今月のNHK「100分 de 名著」は宮本武蔵の「五輪書」か。
中国古典の諸子百家(論語や老子など)のように、
読み手の立場や心境によって形を変える魅力を持つ、
日本の古典の中では希有な一冊といえる。
「渡を越すといふは、たとえば、海を渡るに瀬戸という所もあり、または四十里五十里いも長き海を越すをも渡といふなり。人間の世を渡るにも、一代のうちには、渡を越すといういう所多かるべし。」(火の巻)
人生にたびたび訪れる「瀬戸」つまり瀬戸際をいかに「渡る」か?
これをテーマに五輪書の奥義を高速編集してみよう。
武蔵は「拍子」すなわち「タイミング」の大切さを説き(地の巻)、
- 物事が「さかゆる拍子」と「おとろふる拍子」を見極め、
- 「あたる拍子」「間の拍子」「背く拍子」を踏まえて、
- 「知恵の拍子」から生まれる「空の拍子」を手にせよと。
加えて「場」見極めることの大切さを説く。
「場の位を見分くる所、場において日を負うと云ふ事有り・・・いずれも場の得を用いて、場の勝をうるといふ心専にして、よくよく吟味して鍛錬あるべきものなり。」(火の巻)
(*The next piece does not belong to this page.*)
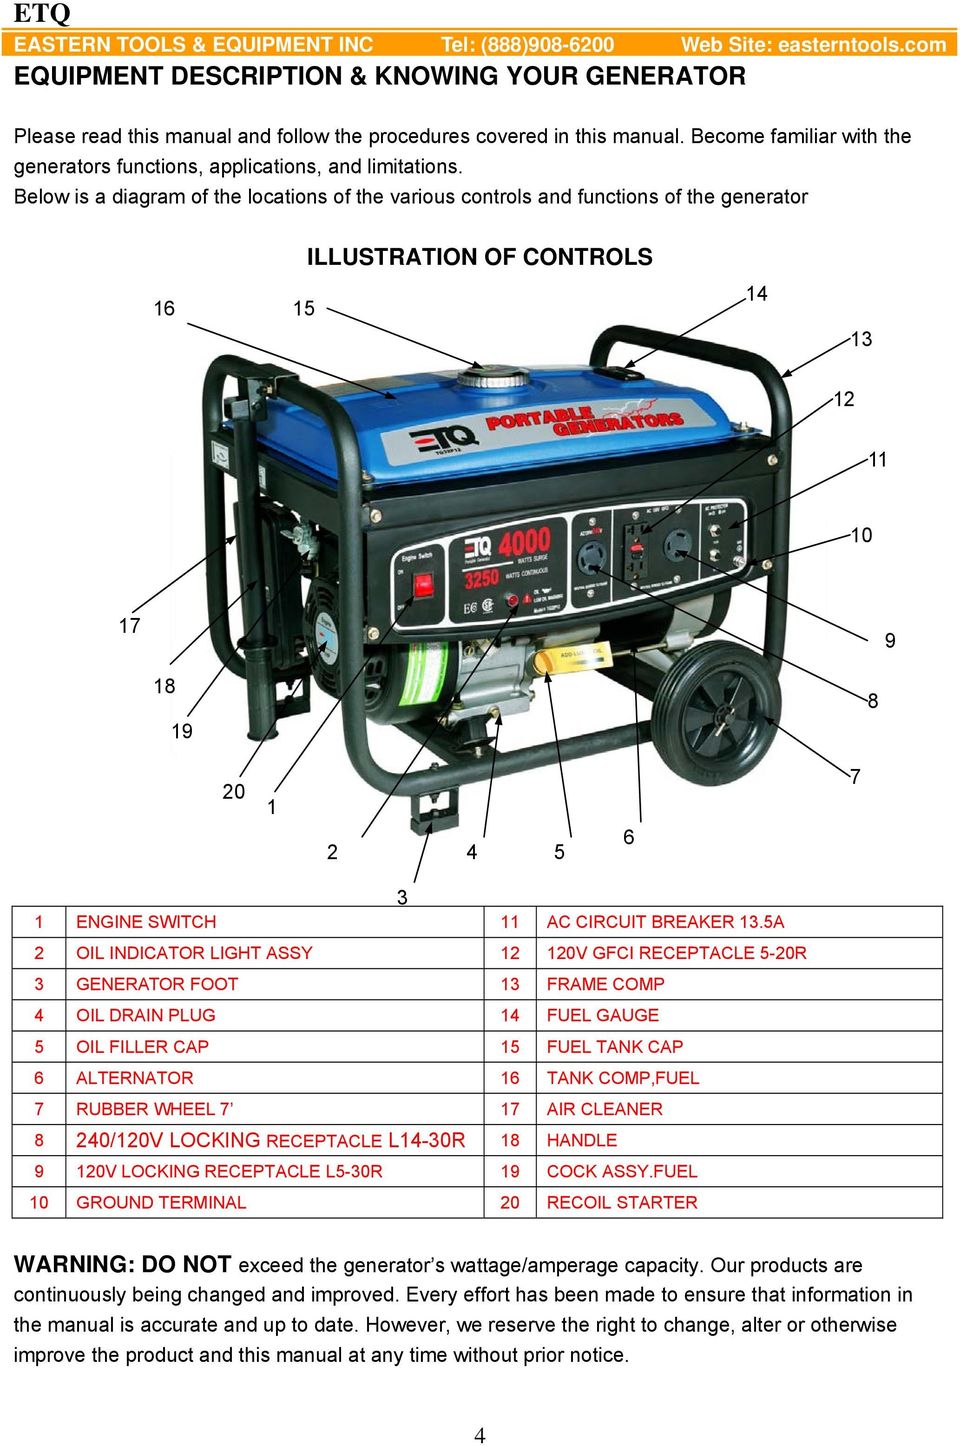 Below is a diagram of the locations of the various controls and functions of the generator ILLUSTRATION OF CONTROLS 16 15 14 13 12 11 10 17 9 18 19 8 20 1 2 4 5 6 7 3 1 ENGINE SWITCH 11 AC CIRCUIT

拍子と場をつかんだら、どこを打つかは相手と自分の「縁」しだい。
自らの必殺技を繰り出すわけでも、相手のスキをつくわけでもない。
相手との縁を感じとって、縁のあたりを打て、と説く。
「縁のあたりと云ふ事。我打出す時、敵打ちとめん、はりのけんとする時、我打一つにして、あたまをも打ち、足をもうつ。太刀の道一つをもって、いづれなりとも打つ所、是縁の打也。此打、能々打ちならひ、何時も出会ふ打也。細々打ちあひて分別あるべき事也。」 (水の巻)
武蔵の「打つ」とは「当たる」に近い感覚で、
- あたるはゆきあたるほどの心
- あたるはさわるほどの心
進んでいったら突きあたったという触るような感覚だ。
「縁」にあたるは「まぐれ」にあたる感覚に近いかもしれない。
やってくる偶然と迎えにいく偶然が、ふとした瞬間に出会うように。
そして以上のような武蔵の奥義に近づくための9ヶ条(地の巻)。
- よこしまになき事をおもふ所
- 道の鍛錬する所
- 諸芸にさはる所
- 諸職の道を知る事
- 物毎の損得をわきまゆる事
- 諸事目利を仕覚ゆる事
- 目に見えぬ所をさとつてしる事
- わづかなる事にも気を付くる事
- 役に立たぬ事をせざる事
なぜ五輪書が普遍的な魅力を持っているのか?
それは武蔵が「空」を意識していたからではないだろうか。
5巻からなる五輪書の最終巻「空の巻」の末尾は、
「正しく明らかに、大きなるところを思いとって、空を道とし、道を空と見るところなり。」
何かを極めるための「道」とは「空」のことであり、
まごころを貫いた先に一切の迷いなき「空」に到達できる。
般若心経の有名な一節「色即是空、空即是色」がある。
私たちが知覚する現象はすべて「空」であり、固定的な本質はないが、
「空」であるがゆえに縁で結ばれ、あらゆるものが生まれてくる。
武蔵の「空」はこれを踏まえたものだったのかもしれない。